Meagan Downing, a junior journalism major from Snyder, Texas, took part in the Baylor in Florence study abroad program this past summer. In this post, Meagan shares her impressions of discovering the “gorgeous town” that is often hidden from tourists.
My Florence
By Meagan Downing
Fireworks boom in the distance, showering an array of light on the windows and buildings. Below me, in a courtyard, cheers erupt and the children burst into song, banging their tambourines. A man in the building across from me switches on his lights to see what all the commotion is about. Somewhere nearby I hear tourists oohing and ahhing, wondering what the fireworks are for.
The day of San Giovanni draws to a close. I sit alone in my apartment at my window, taking it all in. I opted not to go out for a better view of the fireworks. Instead, I watch shards of light fly above the rooftops across from me and try to get a good photo of the mood ring sky. By the looks of it, most of my Florentine neighbors chose to do the same. Plus, Italy is playing England in the Euro Cup and no true Italian would dare miss that.
I no longer consider myself a tourist in this gorgeous town of Florence. I know too much. For instance, I can tell you that the kids in the courtyard are there with their rather large family that has big family dinners outside nearly every other night. As for the man who switched on his lights, his wife spends her days in the kitchen with her window open, filling the area between us with delicious smells.
These are the things I want to learn about a place and, thanks to my study abroad program, I am.
These are the things a regular tourist never gets the honor and privilege of experiencing.
The more time you spend in a place, the more connected you feel to it. When you have the amazing chance to live among the people of a foreign city, you quickly lose the sense of just visiting and become engrossed in the local way of life, and Italian life fascinates me.
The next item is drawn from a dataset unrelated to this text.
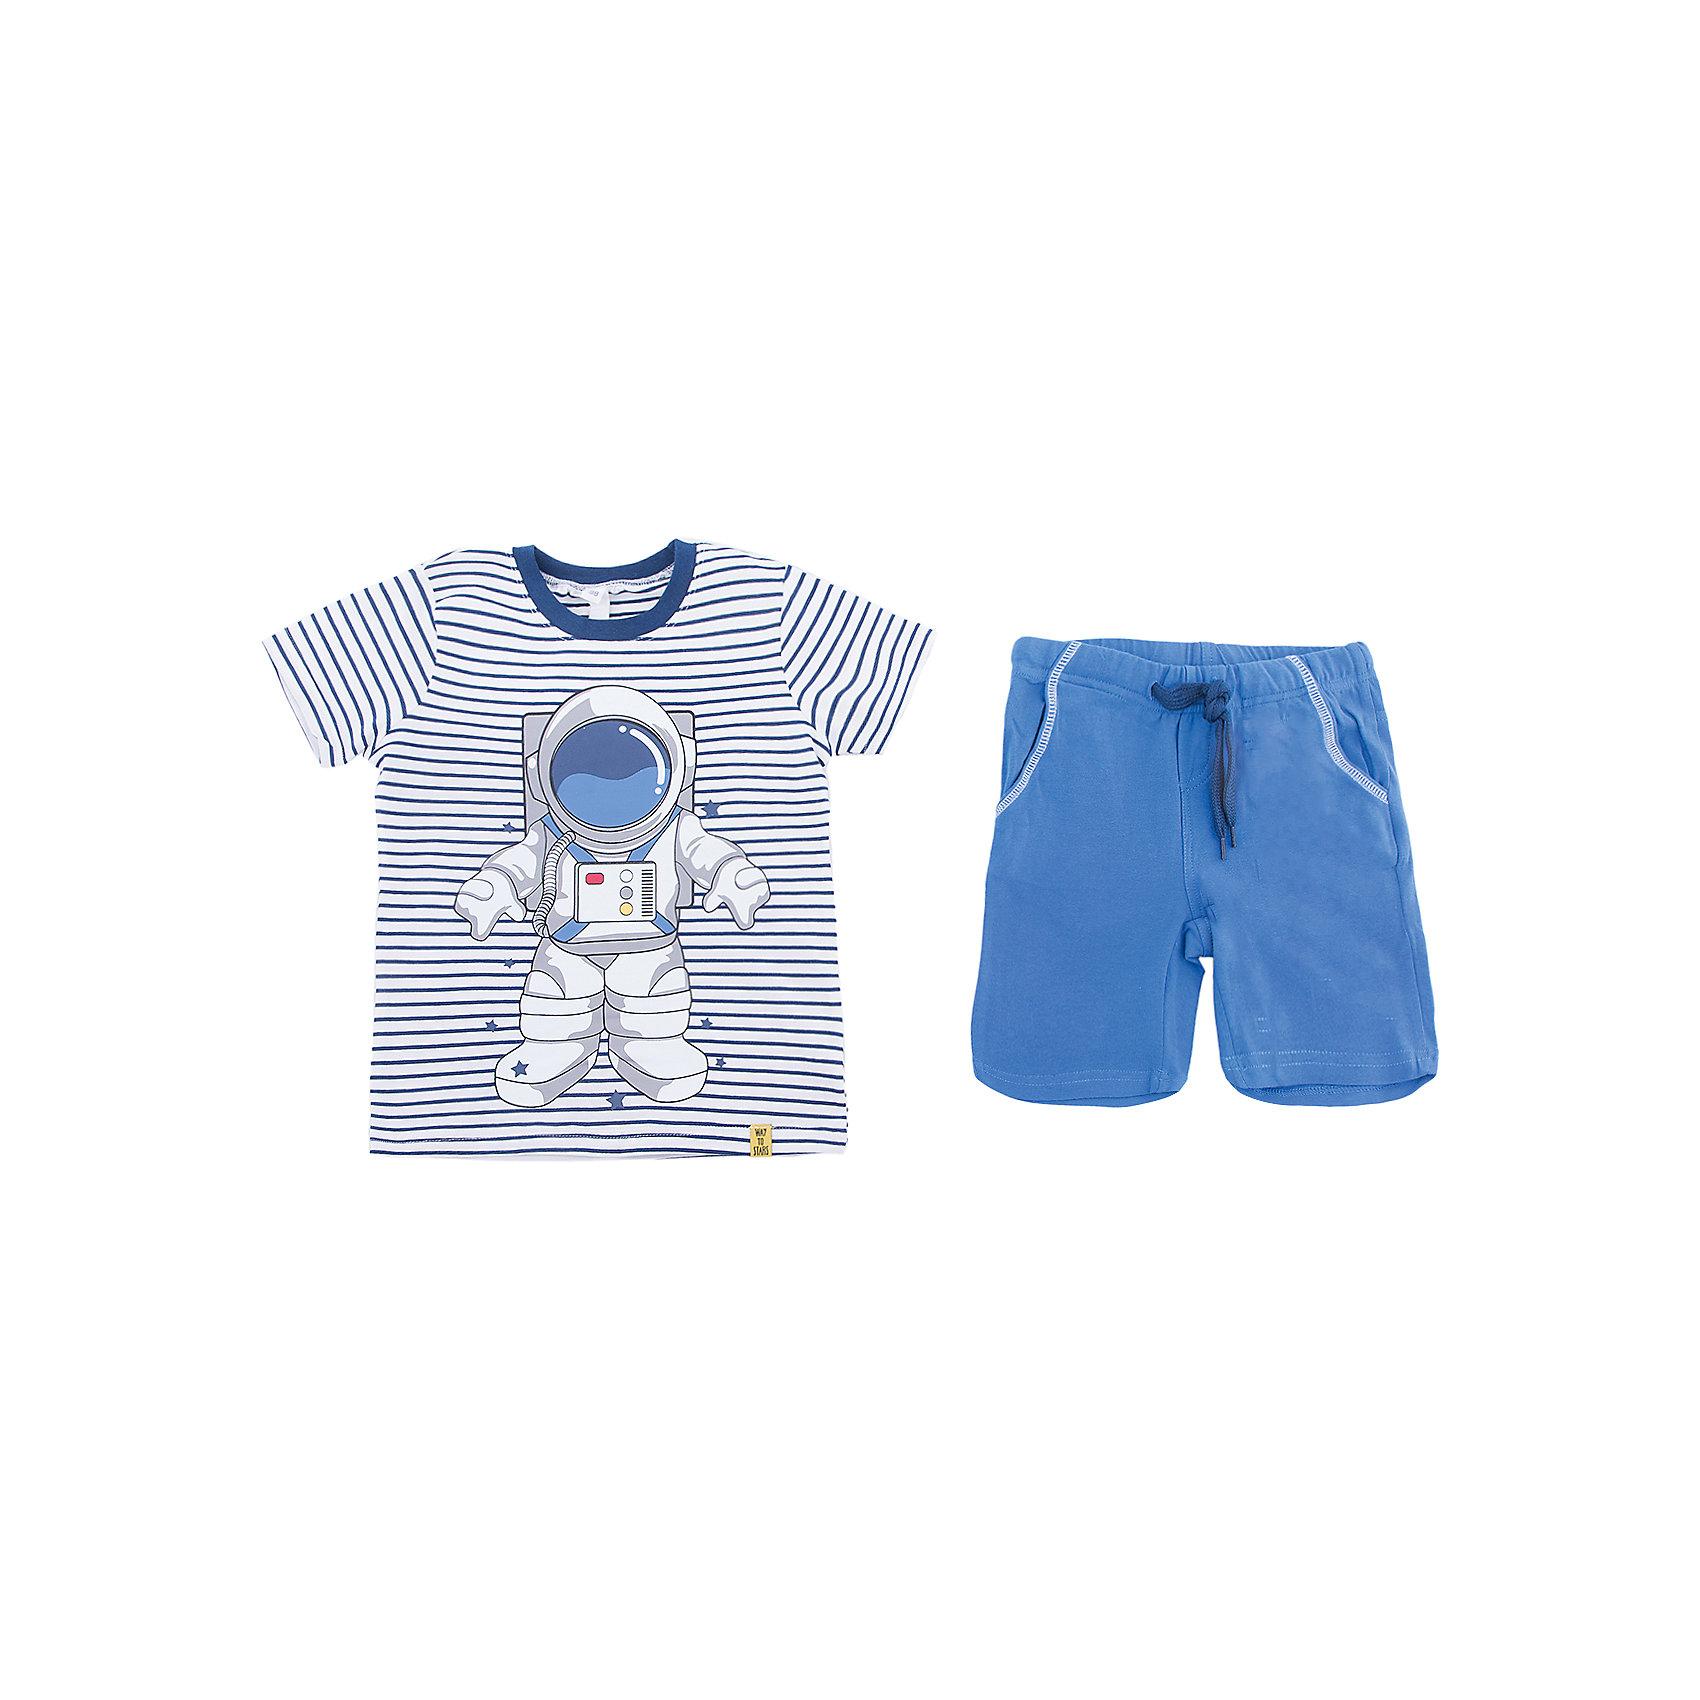 Комплект: футболка и шорты PlayToday для мальчикаКомплекты<br>Комплект: футболка и шорты PlayToday для мальчика<br>Комплект из футболки и шорт. Натуральный материал не сковывает движений. Пояс шорт на широкой мягкой резинке, дополнен регулируемым шнуром - кулиской. Футболка выполнена по технологии yarn dyed - в процессе производства используются разного цвета нити. При рекомендуемом уходе изделие не линяет и надолго остается в первоначальном виде.<br>Состав:<br>95% хлопок, 5% эластан<br><br>Ширина мм: 199<br>Глубина мм: 10<br>Высота мм: 161<br>Вес г: 151<br>Цвет: белый<br>Возраст от месяцев: 84<br>Возраст до месяцев: 96<br>Пол: Мужской<br>Возраст: Детский<br>Размер: 128,98,104,110,116,122<br>SKU: 7111518

The regular tourist, for example, doesn’t get to witness the conversation that takes place across the way from my apartment every Sunday evening and occasionally on other days. A woman in one building will be hanging out her laundry and the one below will be working in her kitchen, where she nearly always is. Then, the woman on the top floor will poke her head out and shout to one of them. Someone on the ground level whom I can’t see usually joins in too. Their husbands come and go, joining in on the conversation at times.
I honestly have no idea what they are saying to each other, but I make up fake conversations in my head. Talking about the laundry and whether it will rain tomorrow. How the kids are doing in school and what is for dinner tonight. I am sure some building gossip gets thrown in, too. Then, when the kids start to get restless and the husbands are hungry, they each pull back into their homes like a turtle into his shell and resume their own individual lives.
These moments capture my full attention. I always feel a strong feeling well up inside me to shout across the way and join in on the conversation. I don’t, though. Most of the time I feel like an intruder, some tourist that just got lost on her way to the Duomo, spying on them.
The Duomo, Michelangelo’s David and the “Gold Bridge” fascinate the regular tourists and those things are, without a doubt, remarkable. I pass by the Duomo every day, though, and I have seen it before. Now I am more interested in all the little things I pass on my way to school every day. The ink-covered room with the two massive printers that never seem to be running, the old man who is always bent over a bike, repairing away at his little shop, and the shop around the corner with all the crazy wigs on busts with fake noses. I want to know about the people in these places and the stories behind these businesses.
It is not wanting just to know about these people, but also getting to know them, too. Like the rude, snobby waitress who works around the corner from my apartment where I get my favorite pizza margherita take away after a long day. After my third visit, I finally got a smile and a name. After the fourth, I got a conversation. The people at Astor know me by name and at Mordilatte they always know exactly what I want.
These are the things that will make me want to come back or even live here permanently. I understand and have experienced the way life works here. It’s like I am in the in-crowd now.
The windows shake one more time as the last few fireworks assault the sky. The kids seem to be wearing out, but I still hear cheers letting me know that Italy is doing well. The man across from me has switched on his TV and is focused on the game. Florentine life moves on around me.